When a local exchange carrier (LEC) switch detects an incoming call that is destined for a busy or nonanswering party, the switch formulates a Q.931 Setup message with redirecting number field set to the original destination number, and sends it to the gateway. The called party number of the Setup message will be set to one of the service access numbers dialed number identification service (DNIS) of the gateway.
If a redirect number is present on an incoming call, then it is used in place of the destination number (DNIS).
The dial peer configuration for ISDN redirect involves setting up two audio scripts.
To process incoming ISDN voice calls, incoming dial peers need to be configured. The dialed number identification service (DNIS) number of the incoming call is used to match the DNIS number field of the incoming dial peer. The direct-inward-dial flag of the dial peer determines whether a second dial tone is given to the caller to collect the target destination number. For this Cisco service provider feature, the DNIS is set to the access phone number of the Gateway, and the direct-inward-dial flag is set to TRUE.
The outgoing dial peer is selected based on the DNIS number of the incoming call. The outgoing dial peer indicates the session target of the outgoing call.

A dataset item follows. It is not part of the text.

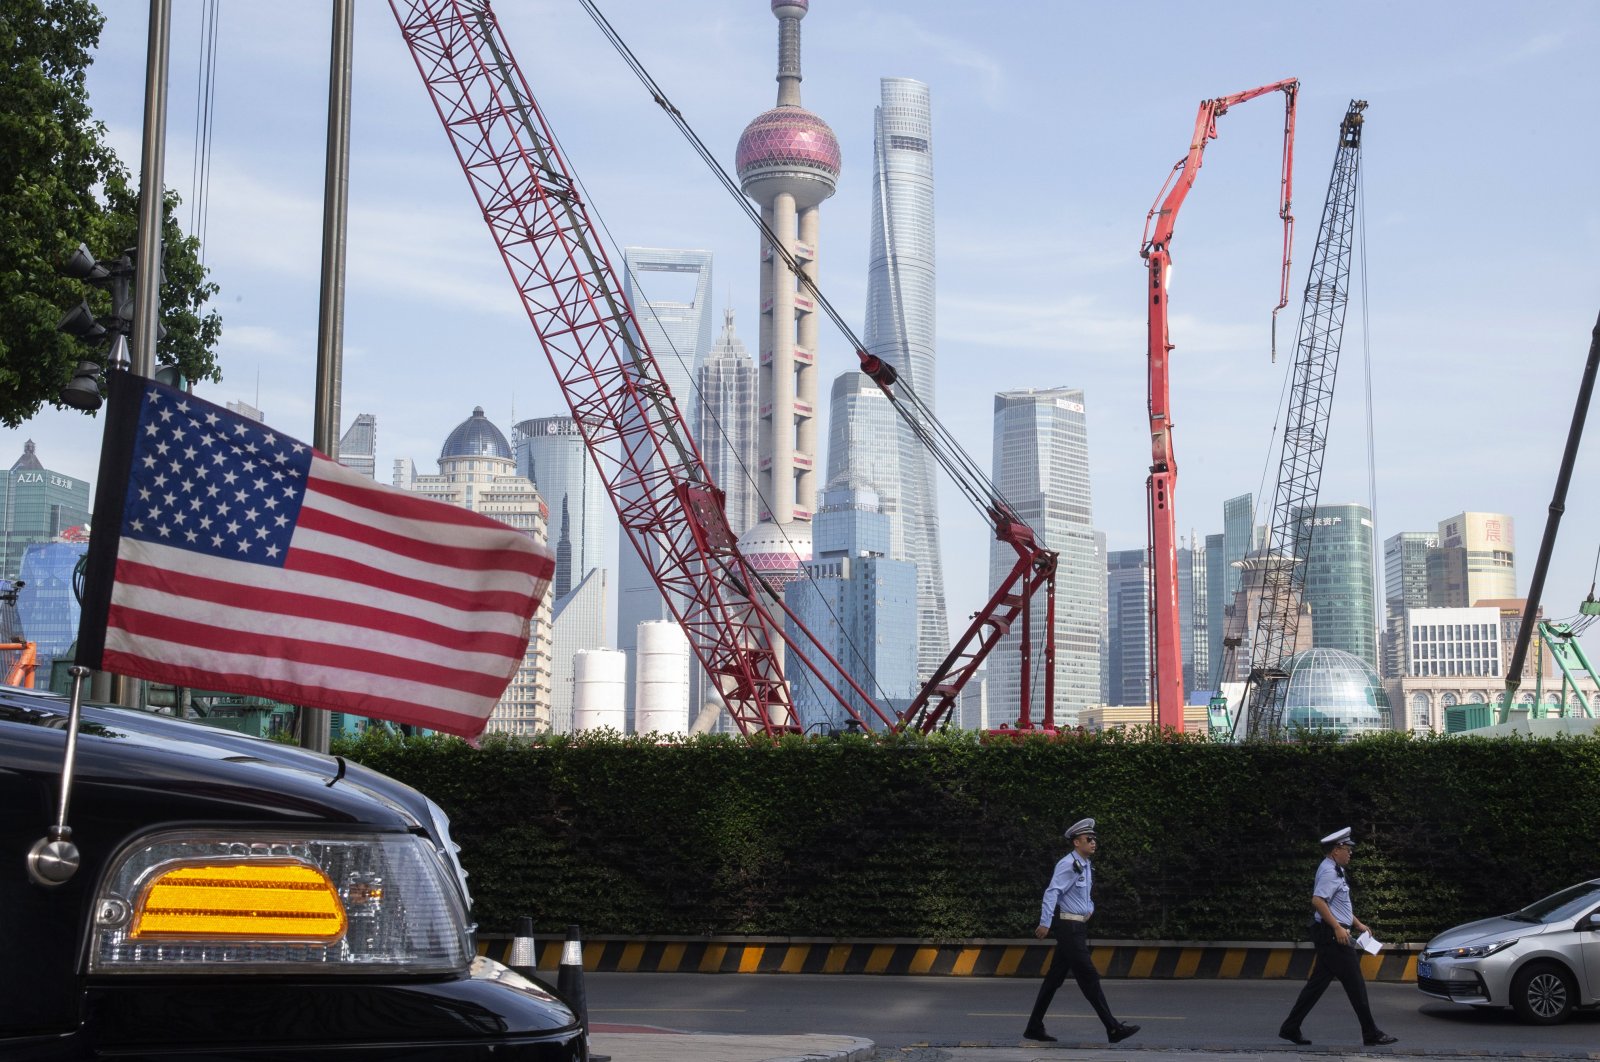 Chinese police officers walk by a U.S. flag on an embassy car outside a hotel in Shanghai, China, July 30, 2019. (AP Photo)

1. call placed from phone A to phone B
2. phone B is busy so call rerouted by switch to Cisco AS5800 gateway
3. incoming call to Cisco AS5800 gateway in the call setup message includes calling/called and RDN info
4. calling = phone A
5. called = gateway
6. RDN = phone B
7. Cisco AS5800 matches outgoing dial-peer destination pattern against the called (in this case GW) number
8. Cisco AS5800 places call to remote IP endpoint/gateway with the following:
Channel associated signaling (CAS) is the transmission of signaling information within the voice channel. In addition to receiving and placing calls, T1 CAS provides the receipt and capture of dialed number identification (DNIS) and automatic number identification (ANI) information. This particular information (DNIS and ANI) is used to support authentication and other functions that use this information.
This feature allows the support of E&M signaling on the T1 interface. Various types of CAS signaling are available in the T1 world. The most common forms of CAS signaling are loop-start, ground-start, and E&M. CAS signaling is often referred to as robbed-bit-signaling because user bandwidth is being `robbed' by the network for other purposes.
The service provider application for T1 CAS includes connectivity to the public network using T1 CAS from the Cisco AS5300 to the end office switch. In this configuration, the Cisco AS5800 captures the Dialed Number or called party number information and passes it along to the upper level applications, for IVR script selection, modem pooling, and other applications. Service Providers also require access to calling party number, ANI, for user identification, for billing account number, and in the future, more complicated call routing.
Service Providers implementing Voice over IP include traditional voice carriers, new voice and data carriers, and existing Internet Service Providers. Some of these service providers may use subscriber side lines for their Voice over IP connectivity to the PSTN, others will use tandem-type service provider connections.
The new functionality of T1 CAS for voice includes all the T1 CAS and E1/R2 signaling already supported for the Cisco AS5800 in data applications, with the addition of dialed number and calling party number captured whenever available.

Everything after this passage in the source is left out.